Barbara Kerley, author of Those Rebels, John & Tom, was first introduced to John (Adams) & Tom (Jefferson) through her father’s love for a familiar musical, 1776: “He’d put the record on in the living room and turn the volume up enough that I could hear it in my bedroom upstairs. Many times, I fell asleep listening to the incredible lyrics.” Kerley took her interests in reading and storytelling and focused on writing for kids, explaining, “I love how young kids are curious about the world and how they feel that anything is possible... I especially love writing biographies as it allows me to share stories of people who have done amazing things.” As the introduction of the book phrases it, Those Rebels, John & Tom is “the true story of how one gentleman—short and stout—and another—tall and lean—formed a surprising alliance, committed treason, and helped launch a new nation.” Kerley began work on the book in 2008, and her opposites-attract treatment of Adams and Jefferson was inspired by modern political gridlock: “as I researched and wrote and revised, I watched our modern-day Congress get stalled, unable to compromise or collaborate on much of anything. I hoped that by framing the story of two opposites coming together in a common purpose, kids could learn about a time when Congress worked together for the good of the country.” Illustrations by Edwin Fotheringham emphasize the differences between Adams and Jefferson, and bring analogies to life; particularly memorable visuals include Congress sitting on the back of a snail (Adams described the business of the First Continental Congress as “Slow, as Snails.”), and Jefferson lunging at King George III with a quill dripping in ink. “I love finding just the right quote to capture the spirit of a moment in time,” Kerley remarked, “and Edwin has a wonderful ability to bring abstract concepts into the art in a humorous way.”

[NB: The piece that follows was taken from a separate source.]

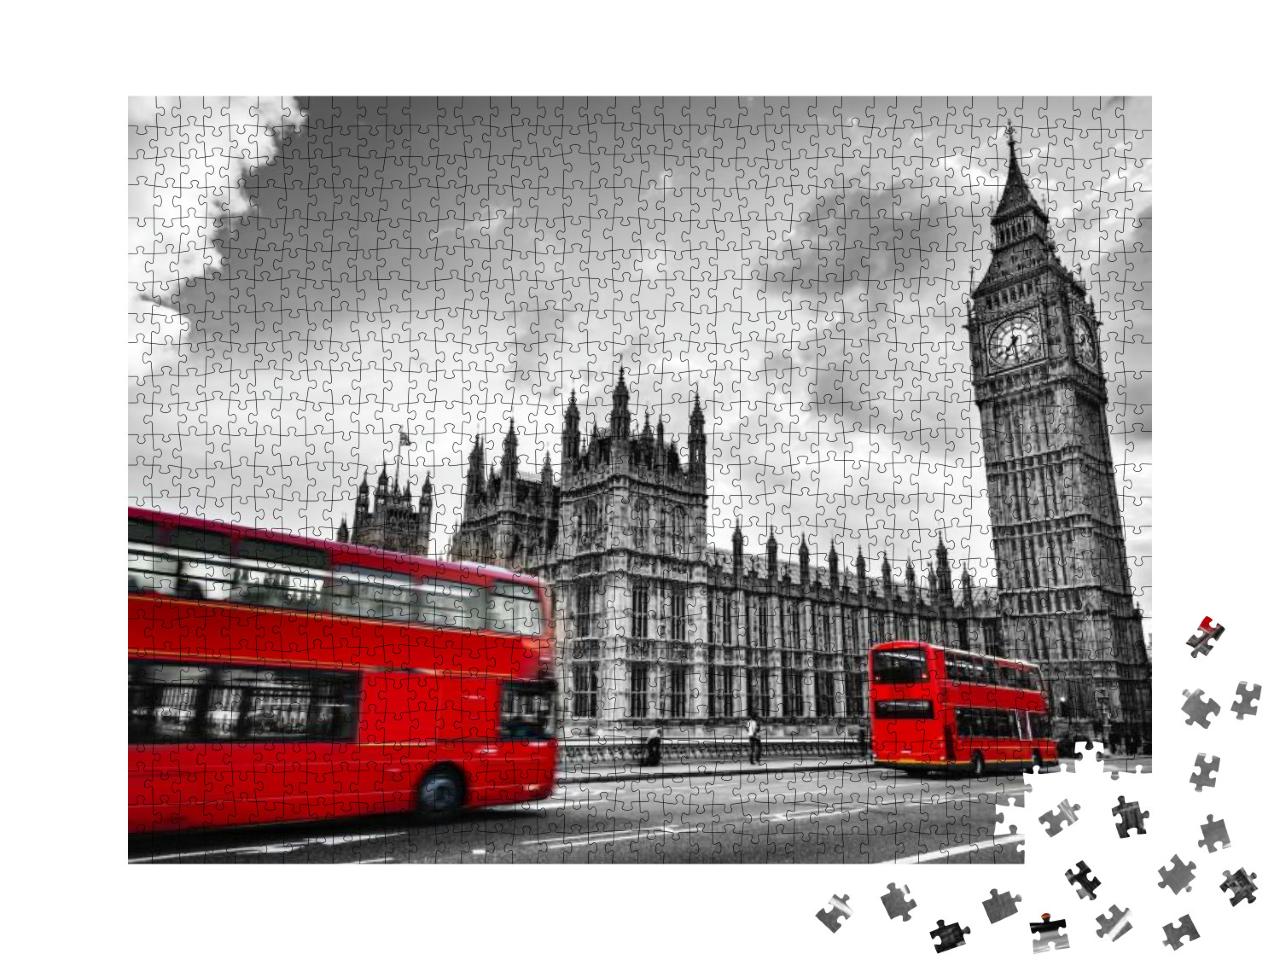 Puzzle 1000 Teile „Westminster Palace, Big Ben, Routmaster-Bus - Impressionen aus London, England“
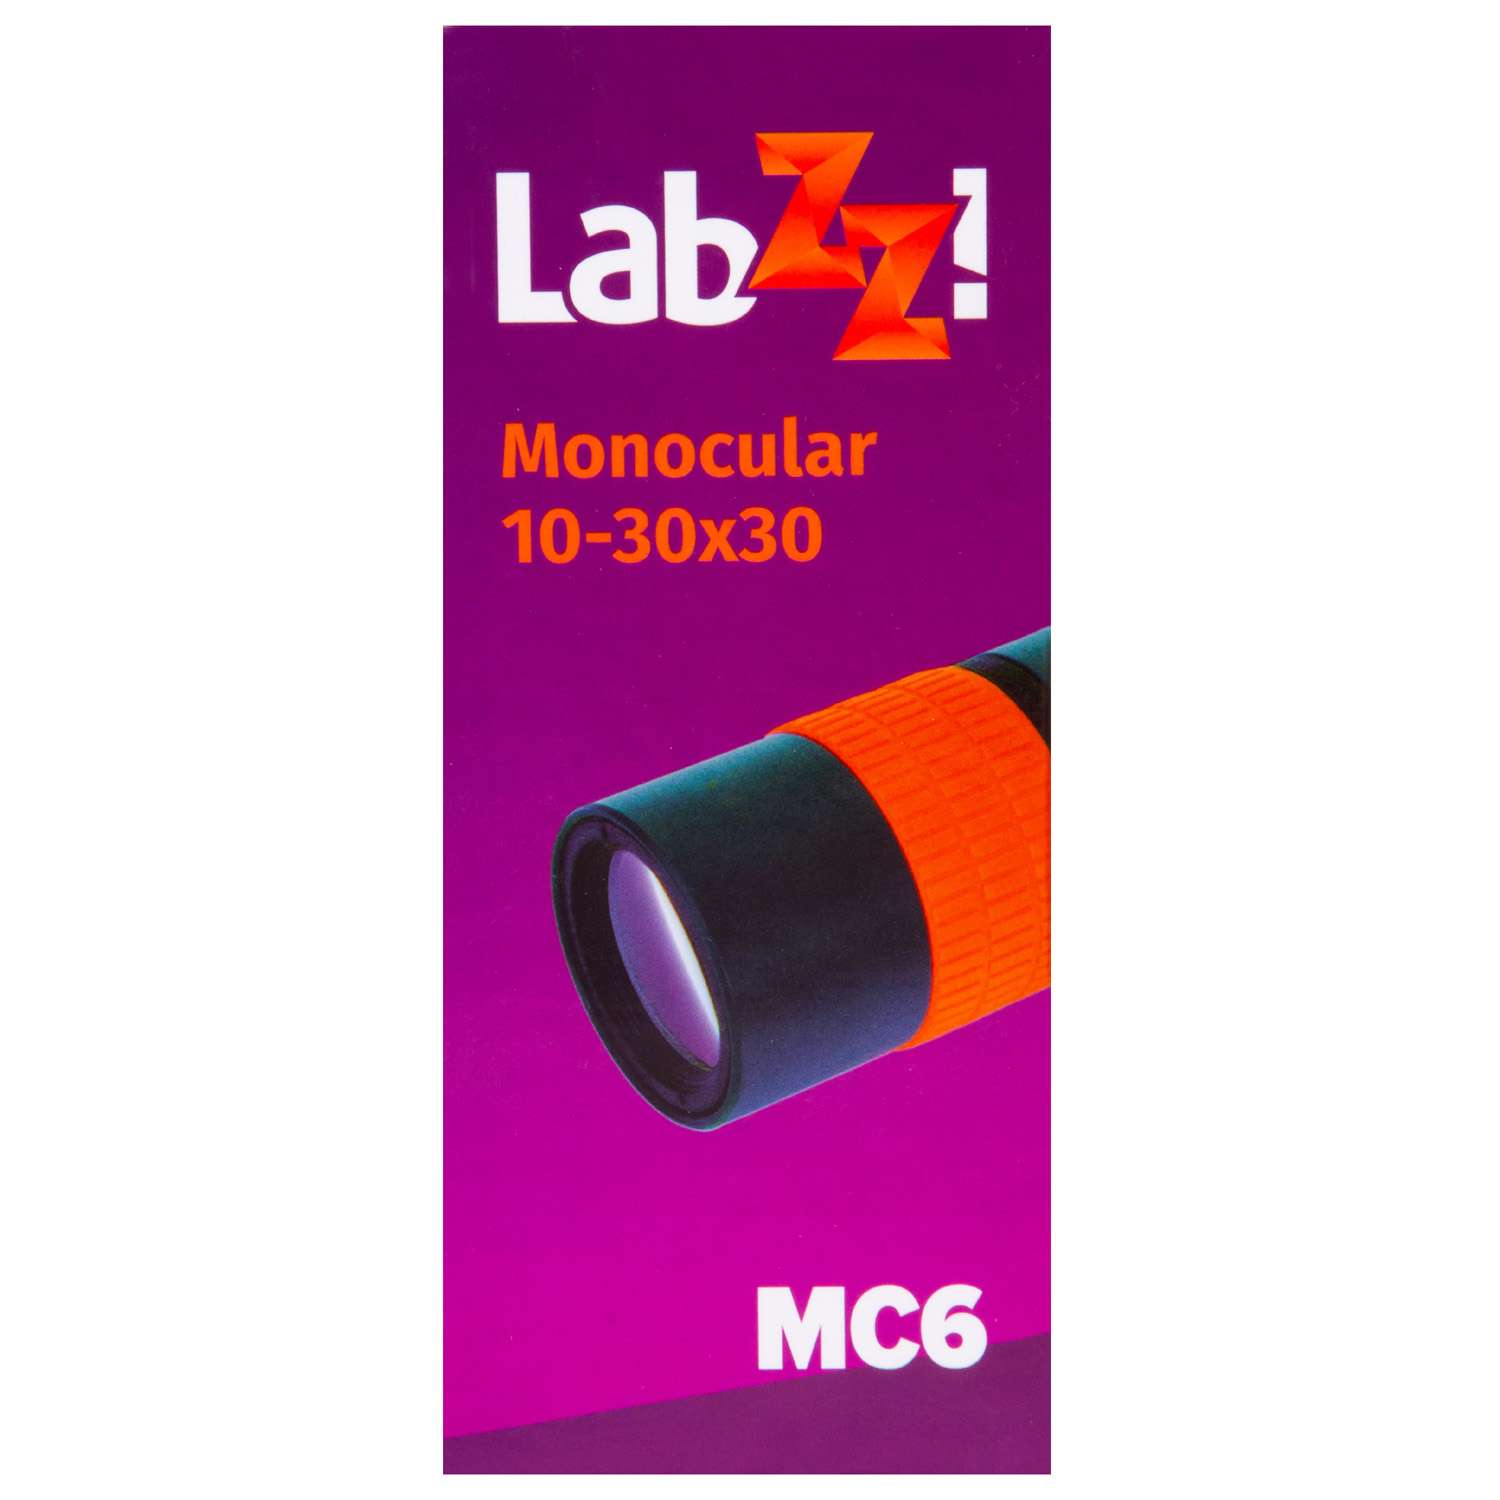 Монокуляр Levenhuk LabZZ MC6 - фото 12

Steve Sheinkin, author of King George: What Was His Problem? The Whole Hilarious Story of the American Revolution, started out writing history textbooks. “Ever since,” he remarked, “I’ve been trying to make amends by writing history books that kids and teens might actually want to read.” From the provocative title to the chapter called “Declare Independence, Already!”, Sheinkin accomplished his goal. The book boils down the Declaration of Independence to three basic points: “1. People are born with certain rights. 2. King George has taken those rights from us. 3. So we’re forming our own country.” before noting, “Of course, Jefferson’s words are a little better. Okay, a lot better.” King George was Sheinkin’s first book, and as he explains, he “wanted to get across all the information we want kids to know, but through stories, and where possible, with humor and comics.” For example, after quoting Washington’s general orders from July 2nd, 1776 (“We have therefore to resolve to conquer or die”), the book remarks, “No pressure, guys. Just save your country—or die trying.” King George: What Was His Problem? concludes with a section asking another important question, “Whatever happened to...?” Sheinkin explains, “I always like knowing what happened to folks after the story is over.” He includes the famous (John and Samuel Adams, for example), the infamous (Benedict Arnold), and the lesser-known (Deborah Sampson).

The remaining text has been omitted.